▸ Available data:
_ _ _ _
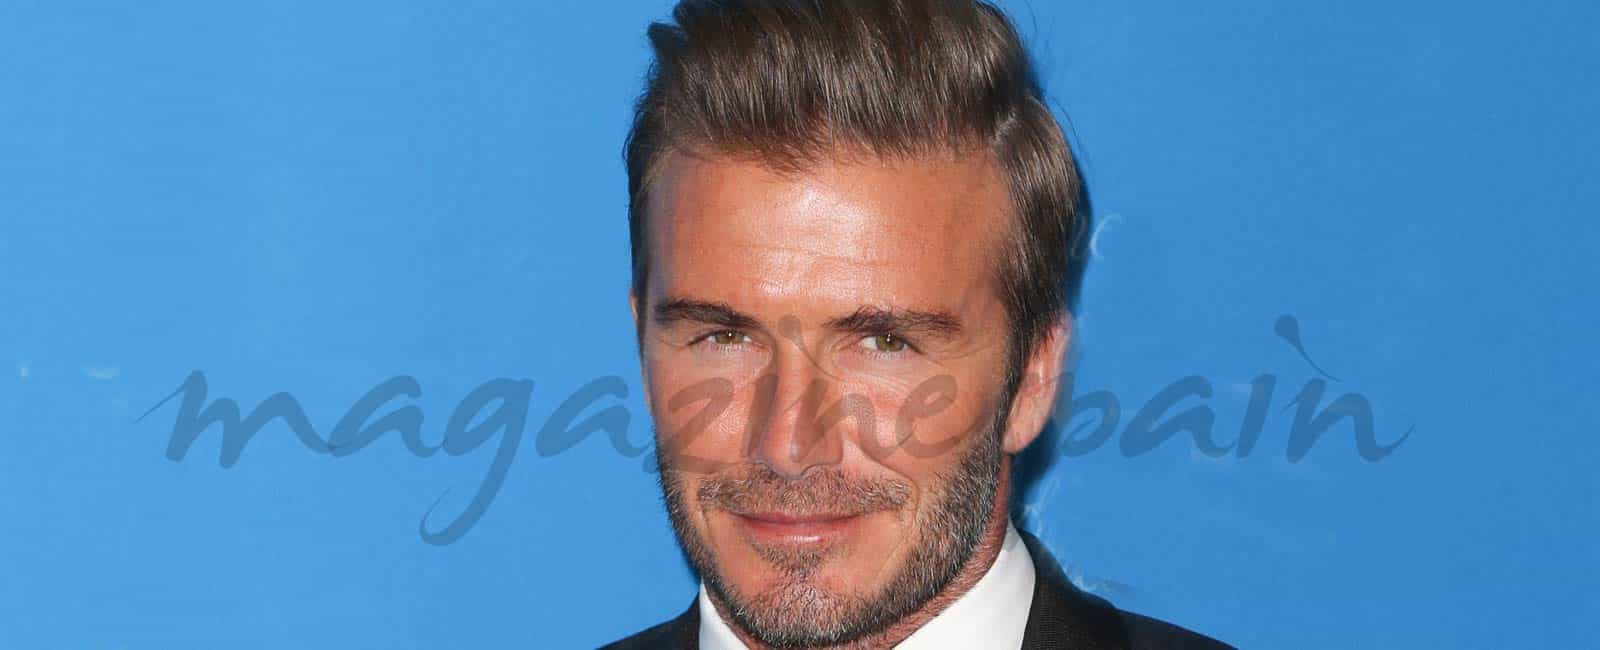 ¿Quieres ver el nuevo tatuaje de David Beckham?
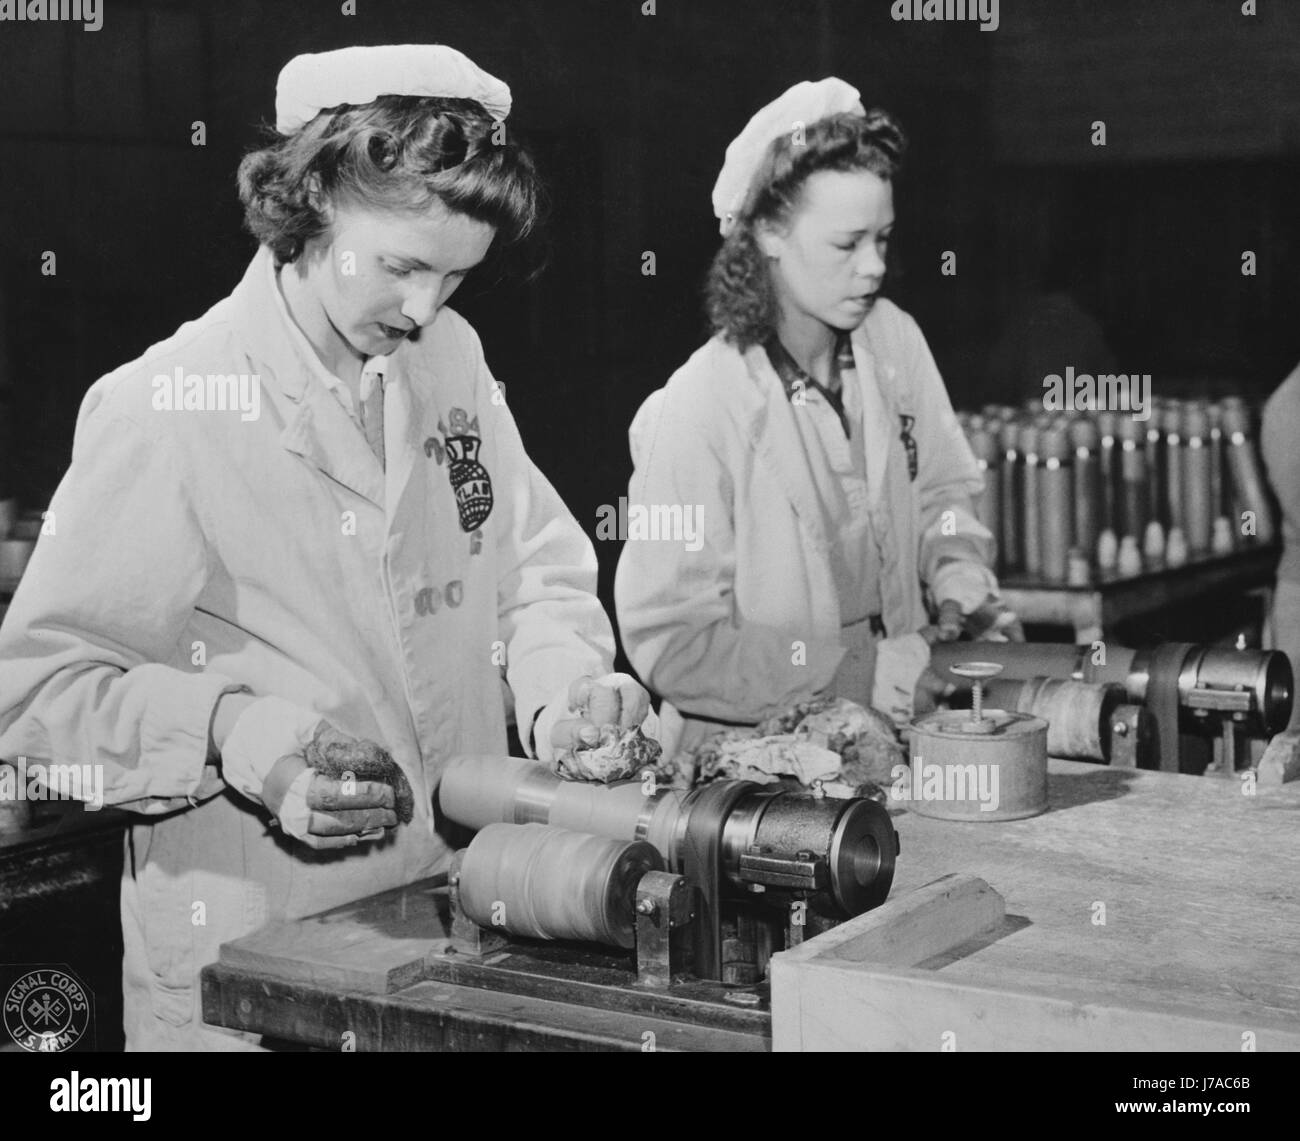 Les femmes sont la suppression de l'excédent de peinture des bandes que l'obus, 1943 Cercle de munitions. Banque D'Images
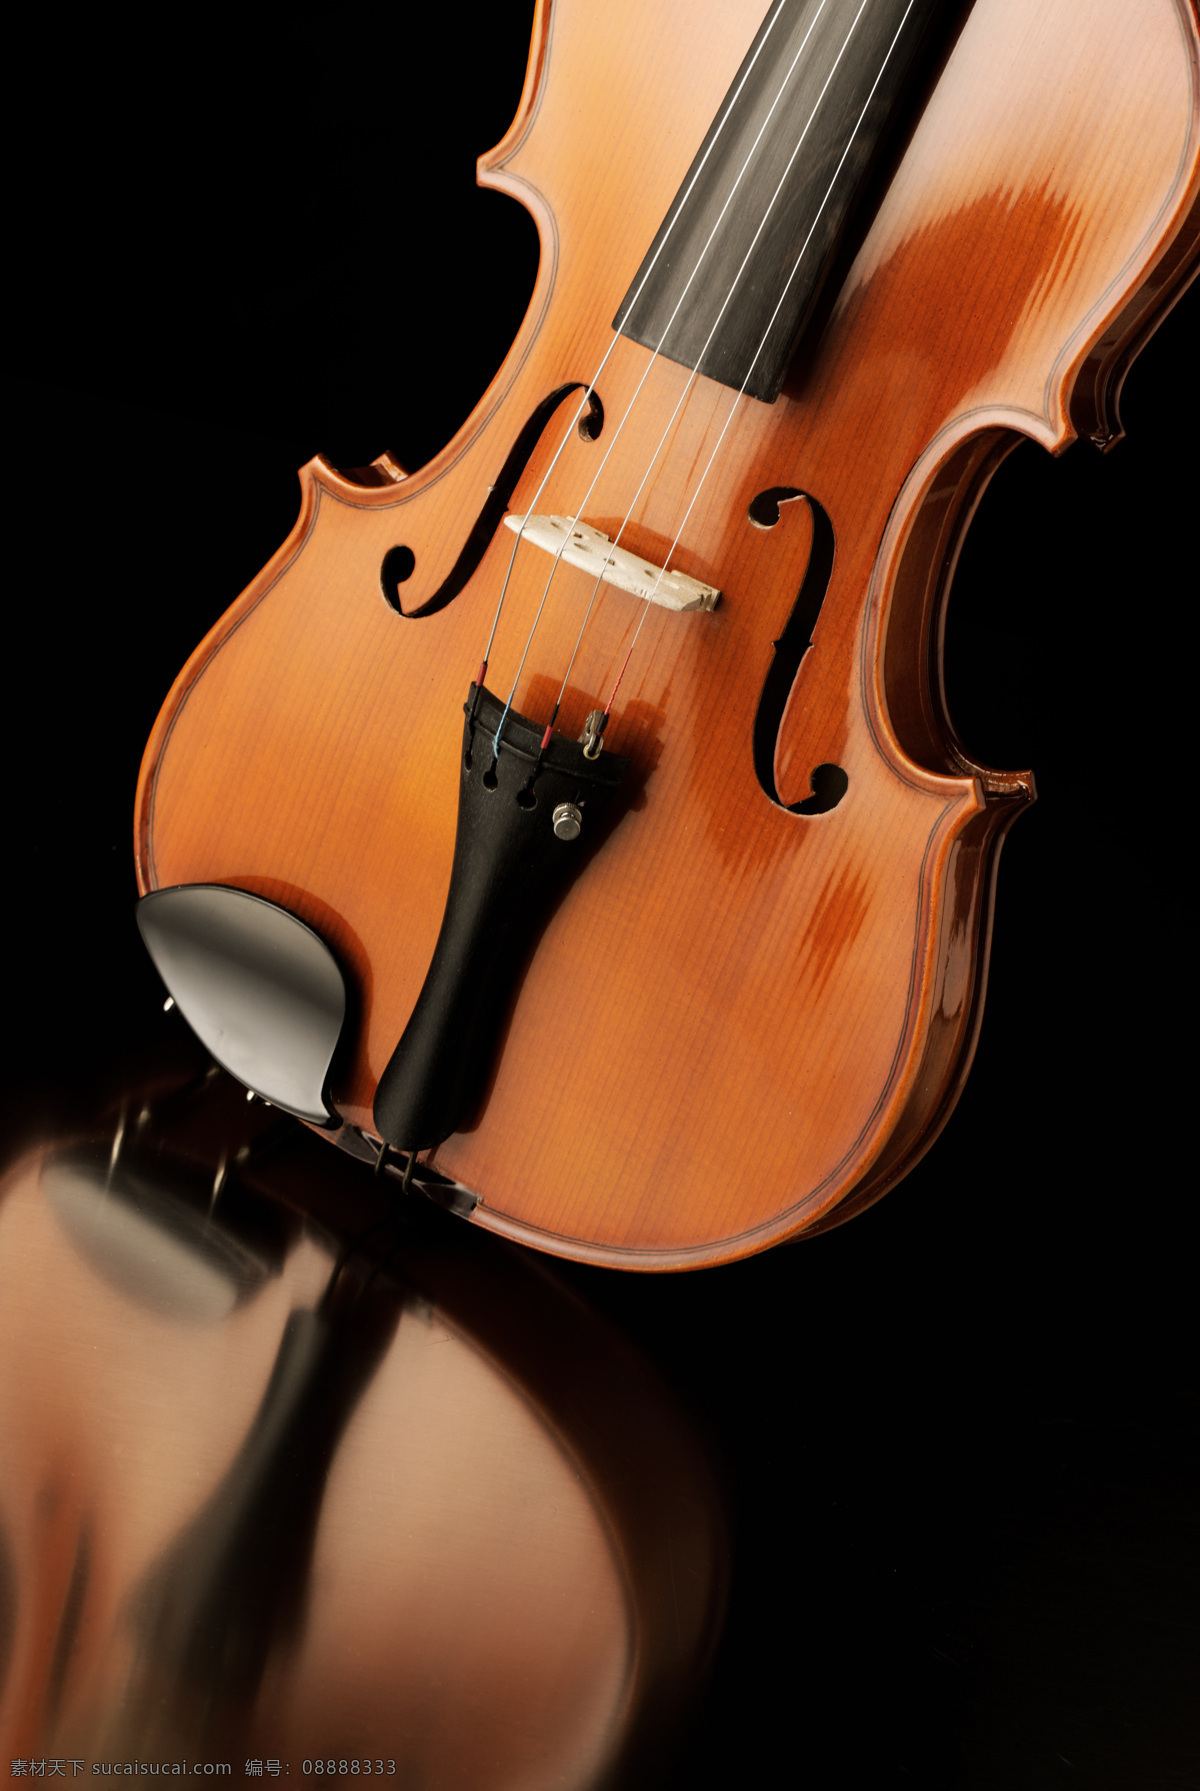 小提琴 古典乐器 乐器 文化艺术 舞蹈音乐 音乐 西洋乐器 psd源文件
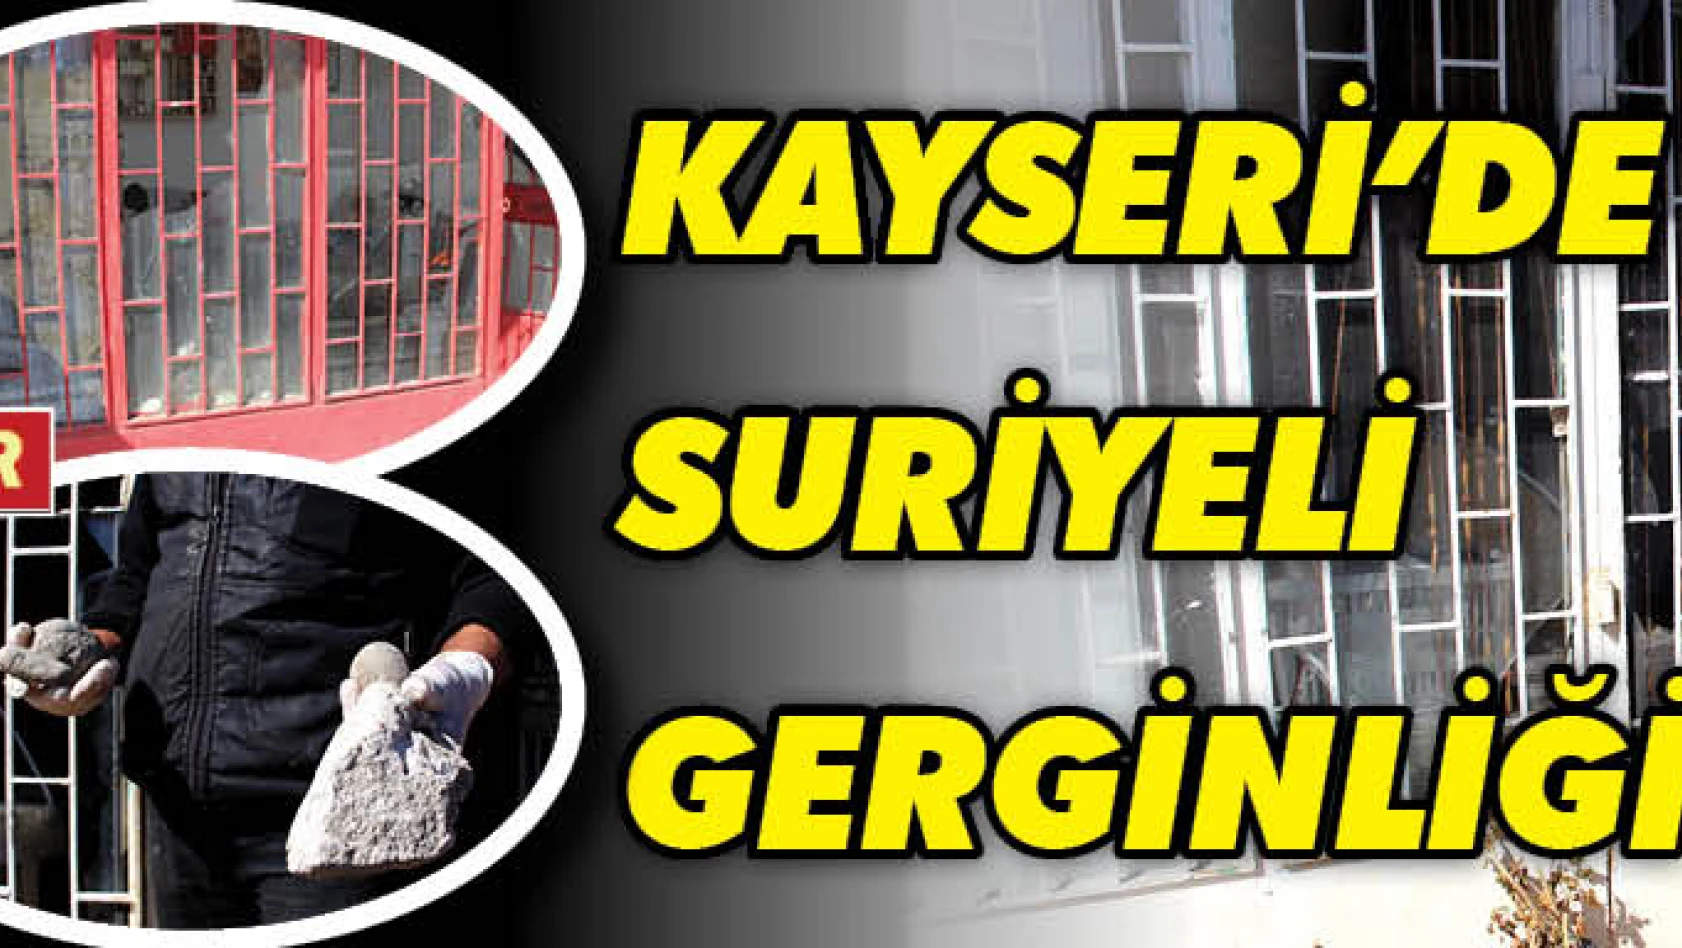 Kayseri'de Suriyeli gerginliği
_ _ _ _
▸ Problem to work on:
The lines needed are those from the one containing "Les femmes sont" through the end of the listing, given again word for word and without any picture.

▸ Task solution:
 Les femmes sont la suppression de l'excédent de peinture des bandes que l'obus, 1943 Cercle de munitions. Banque D'Images
 小提琴 古典乐器 乐器 文化艺术 舞蹈音乐 音乐 西洋乐器 psd源文件
 Kayseri'de Suriyeli gerginliği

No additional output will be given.